#### EXERCISE OBJECTIVE:
From the listing below, copy only the lines from the line that contains "Aqui estão alguns" to the line that contains "Alexandre Birman Clarita", counting those two lines as part of the copy.

#### MATERIAL FOR THE TASK:
== Segment start ==

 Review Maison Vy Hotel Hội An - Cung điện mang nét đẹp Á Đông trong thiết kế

== Segment end ==
== Segment start ==

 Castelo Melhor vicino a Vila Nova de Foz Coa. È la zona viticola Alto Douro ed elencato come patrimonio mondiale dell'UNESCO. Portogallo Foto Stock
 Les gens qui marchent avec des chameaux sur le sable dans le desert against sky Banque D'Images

== Segment end ==
== Segment start ==

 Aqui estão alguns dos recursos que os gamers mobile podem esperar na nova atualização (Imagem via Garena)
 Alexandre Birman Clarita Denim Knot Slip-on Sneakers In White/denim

== Segment end ==

#### WRITTEN SOLUTION:
 Aqui estão alguns dos recursos que os gamers mobile podem esperar na nova atualização (Imagem via Garena)
 Alexandre Birman Clarita Denim Knot Slip-on Sneakers In White/denim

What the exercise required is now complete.